Apollo’s Golden Catch

Apollo Fish: The Ultimate Crispy, Spicy & Saucy Indo-Chinese Delight

Some dishes are truly unforgettable, demanding to be savored individually rather than shared. Apollo Fish is precisely one such culinary masterpiece. With its irresistible crispy texture, fiery spice, rich sauce, and explosion of flavor, it stands as the ultimate indulgence for those who crave bold and exciting tastes. Prepare to claim the entire plate for yourself!

Apollo fish garnished with fresh coriander and mint, served in an elegant bowl, ready to eat.
A tantalizing bowl of Apollo Fish, perfectly garnished.

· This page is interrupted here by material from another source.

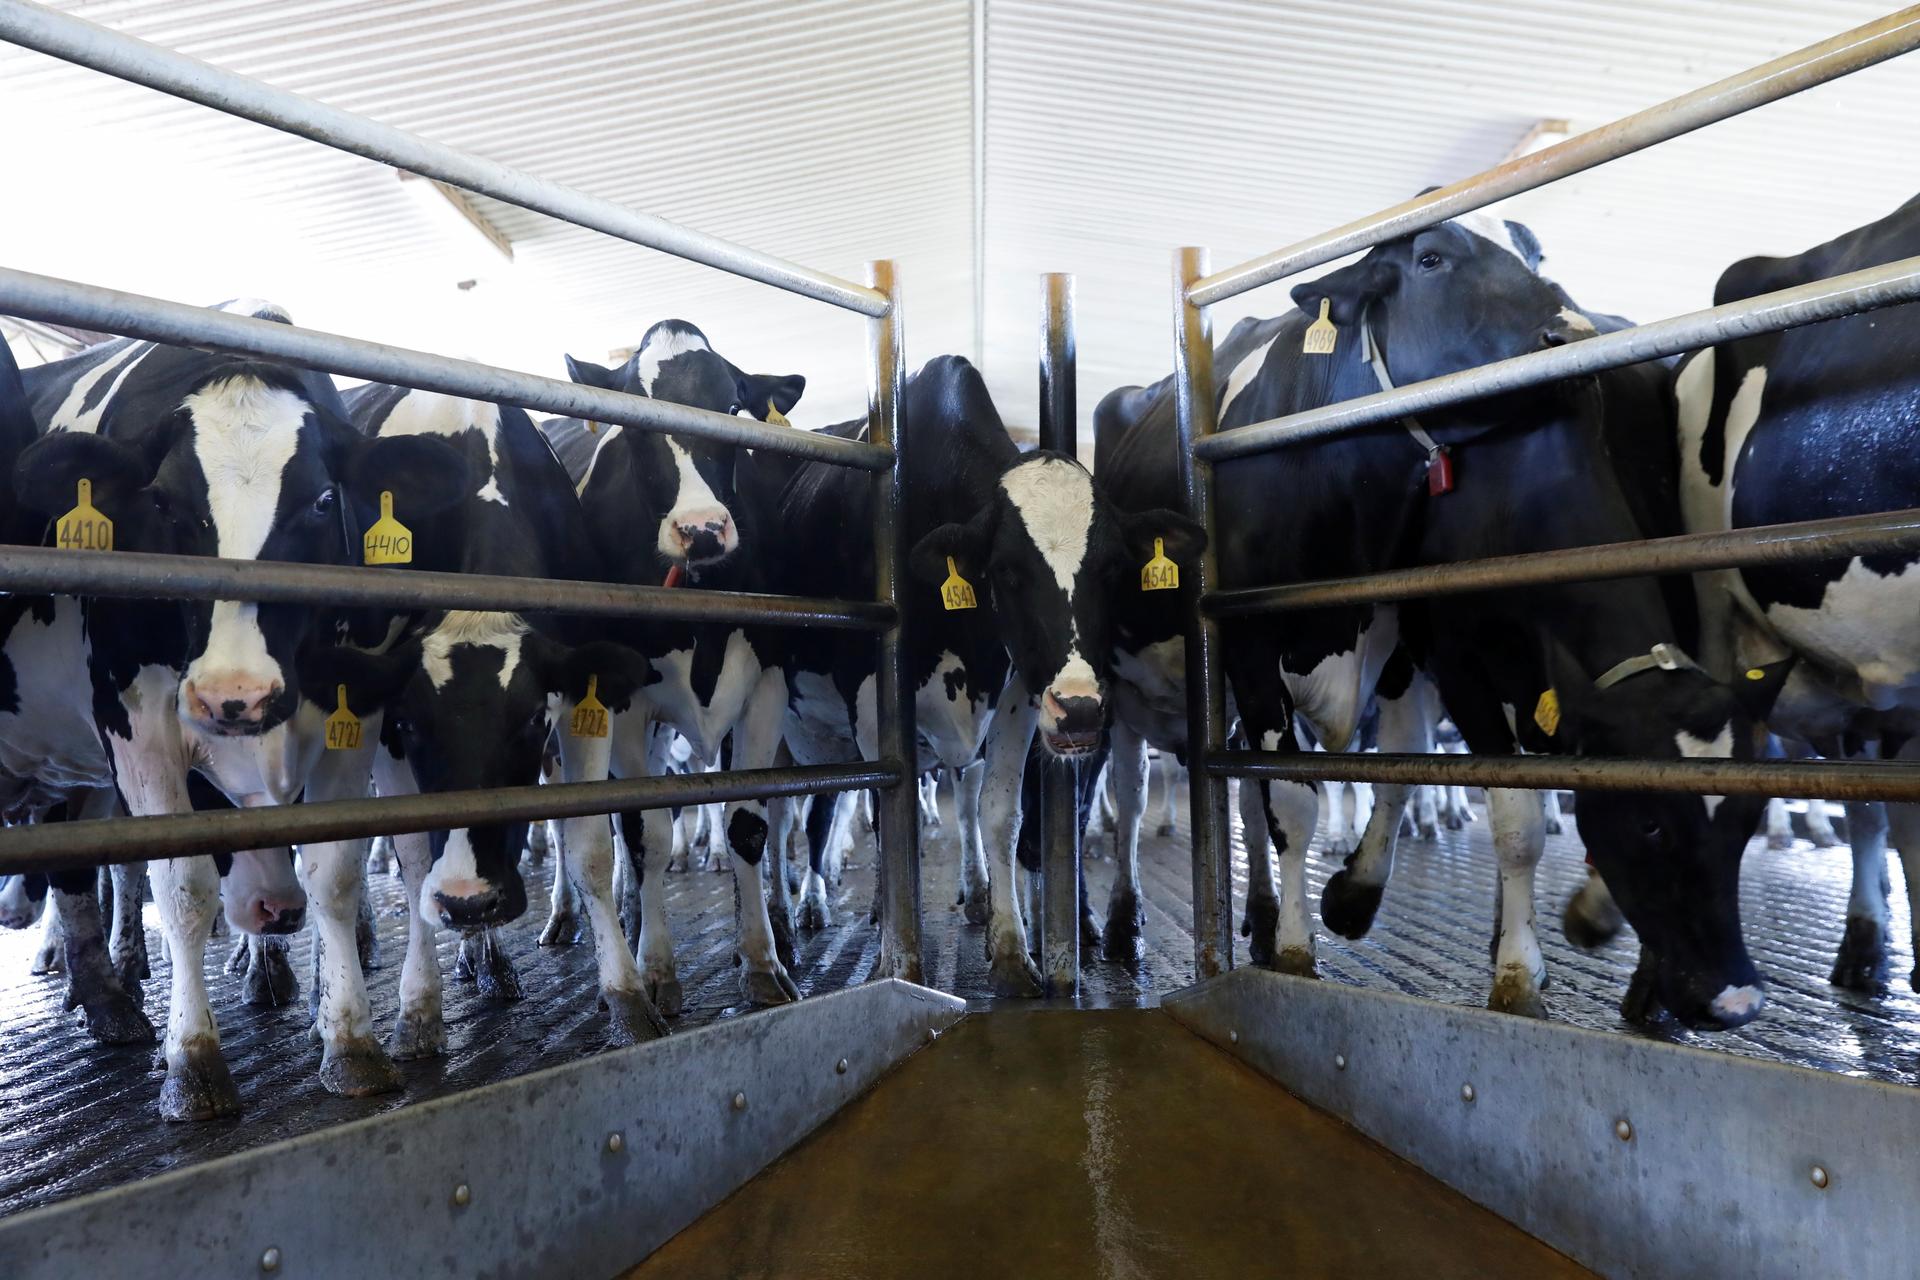 A group of dairy cows stand in a caged area inside a farm

For connoisseurs of vibrant flavors and satisfying textures, the pursuit of the perfect spicy, crispy appetizer often leads to a delightful discovery. Among a pantheon of delectable starters, Apollo Fish invariably rises to the top. This isn’t just another dish; it’s a restaurant favorite, a culinary obsession that many find themselves ordering time and again. The allure of its exquisite taste is undeniable, yet the true magic unfolds when you realize just how straightforward and rewarding it is to recreate this iconic dish in your own kitchen. Forget the long waits and restaurant bills – your new favorite spicy fish recipe is within reach.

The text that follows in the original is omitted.